13-4
ホテル高層階のバーラウンジは、夜中の一時まで営業しているらしい。岩亀さんが「本当に一杯だけだけど」と言うように、ラストオーダーに滑り込んでカウンター席の隅に並んで座った。ソファ席に二組ほどお客さんがいるが、カウンターには私たちだけだった。
気だるげにウイスキーのグラスをかたむける岩亀さんは、いつもより大人びて見えた。私は午前零時すぎの「シンデレラ」に口をつけて、手もとのカクテルグラスを見つめた。ノンアルコールカクテルというか、まごうことなきフルーツジュースだ。
「謝りたかったんだ、今日のこと」
カウンターに置いたグラスを見つめて、岩亀さんが切り出す。
「謝る?」
「あんなに近くにいたのに見失って、そのせいで怖い思いをさせて」
「とんでもないです。岩亀さんと忍野さんがいてくれたから、私も沙奈絵も無事で済んだのに」
感謝こそすれ、岩亀さんを責めるのはお門違いだ。実際、本当に一人で出かけていたら今ごろ……そう考えてぎゅっと自分の腕を抱きしめる。
私も沙奈絵も殺されていたかもしれないし、もし生きていたとしても死にたくなるような仕打ちを受けたかもしれない。私が絶望せずにいられるのは、赤猫と忍野さんと、なにより身体を張って救い出してくれた岩亀さんのおかげだ。
「本当にごめん」
岩亀さんが額を押さえてうなだれる。
そんなに自分を責めることじゃないのに。そのせいで眠れないのだろうか。
私が戸惑っていると気づいたのか、岩亀さんがため息をつきながら目もとを隠した。
「ごめん。そんなこと言われても困るよね。……ごめん」
「私は本当に感謝してます。岩亀さんがきてくれたから、ひどい目に
想像すると声が震えそうになる。この話題は嫌だな、と思いながら、でもお礼は伝えておきたい。あと何十秒か遅れていたら本当に取り返しがつかなかったはずだ。
「自分を責めないでください。本当に、感謝してるんです。ありがとうございました」
私の気持ちが伝わったかどうかはわからない。
岩亀さんは無言のまま、ウイスキーをぐっと流し込んだ。
「『大丈夫』を信じて、俺は、なにもしなかった」
吐き出された言葉を黙って受け取る。なんの話だろう。
「全然大丈夫じゃなかったんだ。彼女は巻き込まれて、苦しんで、自分で命を絶った」
「……」
「もう二度と、繰り返したくない」
たぶんそれは過去の話で、岩亀さんはその人と私を重ねたのかもしれない。
ふと小山田さんの顔が思い浮かぶ。自死のニュースを聞いたからだろう。
そしてそれはついさっき、私が想像した最悪の結末だった。あのまま誰も助けにきてくれなかったら、私もそれを選んだかもしれない。絶対に心折れなかったとは言いきれない。
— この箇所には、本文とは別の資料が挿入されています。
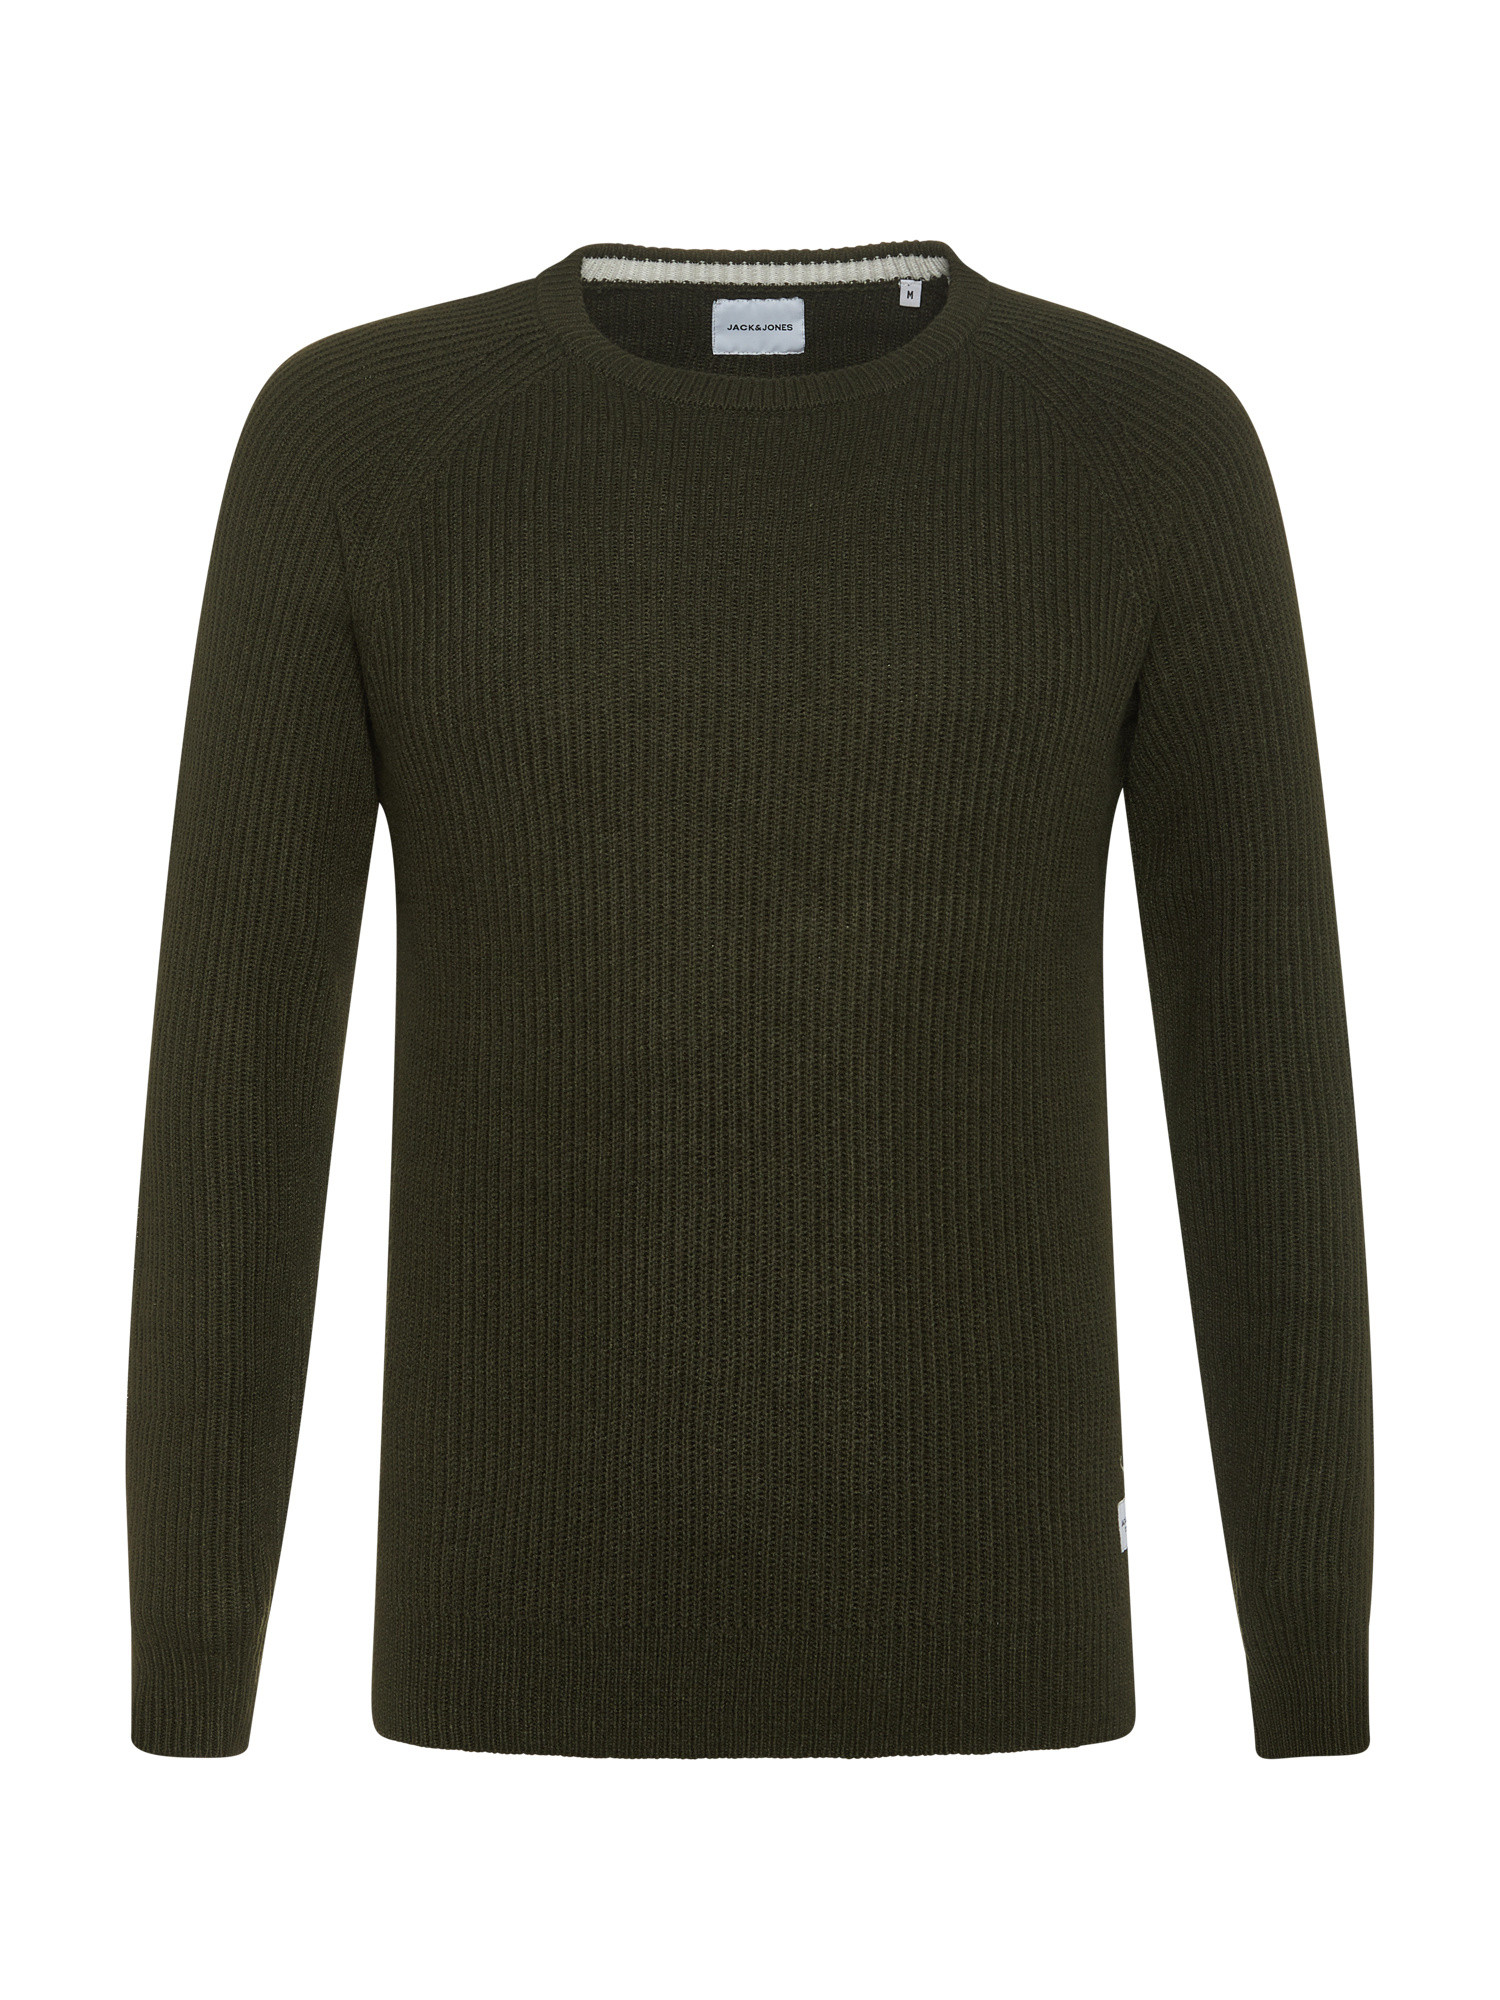 Вязаный свитер в рубчик Jack & Jones, темно-зеленый вязаный свитер с круглым вырезом кремовый quzu

岩亀さんが震えていた理由がよくわかった。あの瞬間、岩亀さんは最悪の結末を連想したのだ。
「わかりました。じゃあ、私が助けを求めたときは、絶対助けにきてください。今日みたいに」
大丈夫だと言っても安心できないだろうから、私はそう伝えることにした。
わざわざ家に泊まり込んだり、ボディガードを買って出たり、岩亀さんがなにかとお節介なのは強い後悔を抱えているからなのかもしれない。
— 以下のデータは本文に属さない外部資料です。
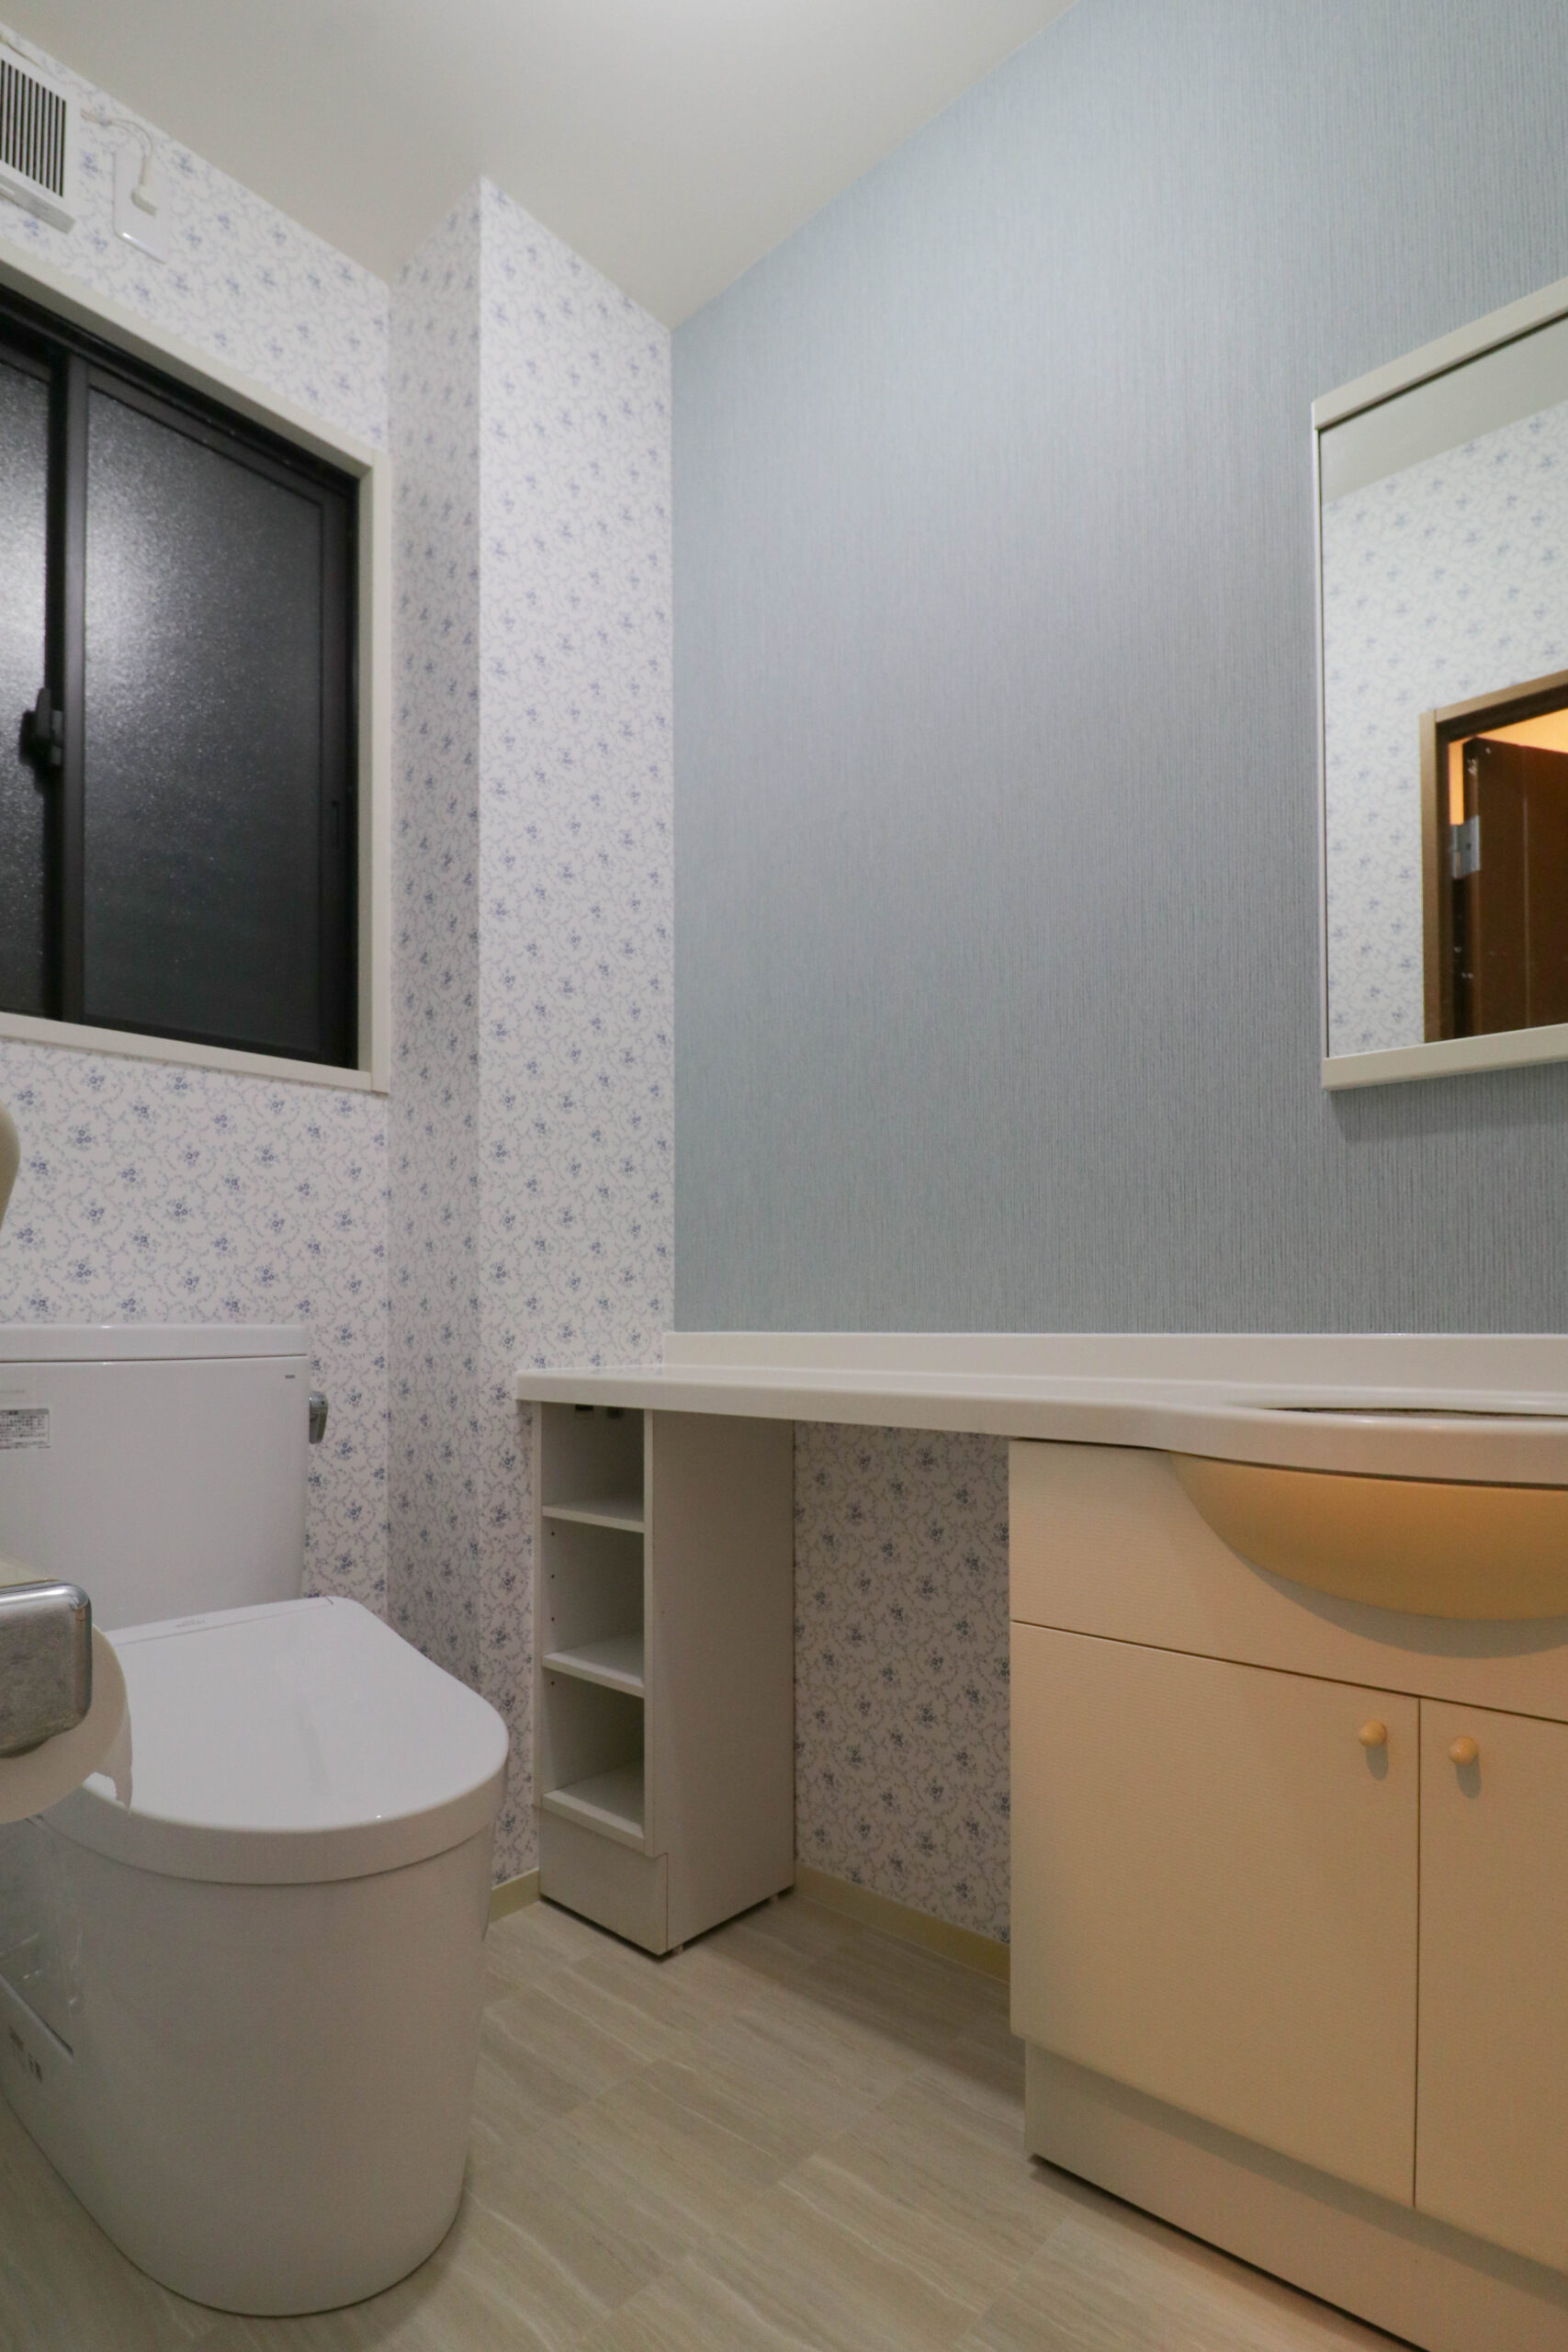 佐賀市大和町 A様 キッチン・トイレ改修工事『お掃除のしやすさにこだわった空間』

赤猫が私を過去の自分に重ねているように、岩亀さんは助けられなかった人を私に重ねている。私を救えたら、きっと二人も少し救われるのだろう。
岩亀さんがゆっくりと顔をあげる。私はカクテルグラスの持ち手を両手で握って微笑んだ。えらそうな台詞で、ちょっと恥ずかしい。
「おいしいですね、シンデレラ」
私が照れ隠しにそう言うと、岩亀さんは泣き出しそうな顔で笑った。いつもの人懐こい印象に戻ったように見えた。
「情けないなあ。つらいのは美沙緒ちゃんなのに、気を遣わせて」
言ってから、岩亀さんは丸まった背筋をのばして、覇気を取り戻した。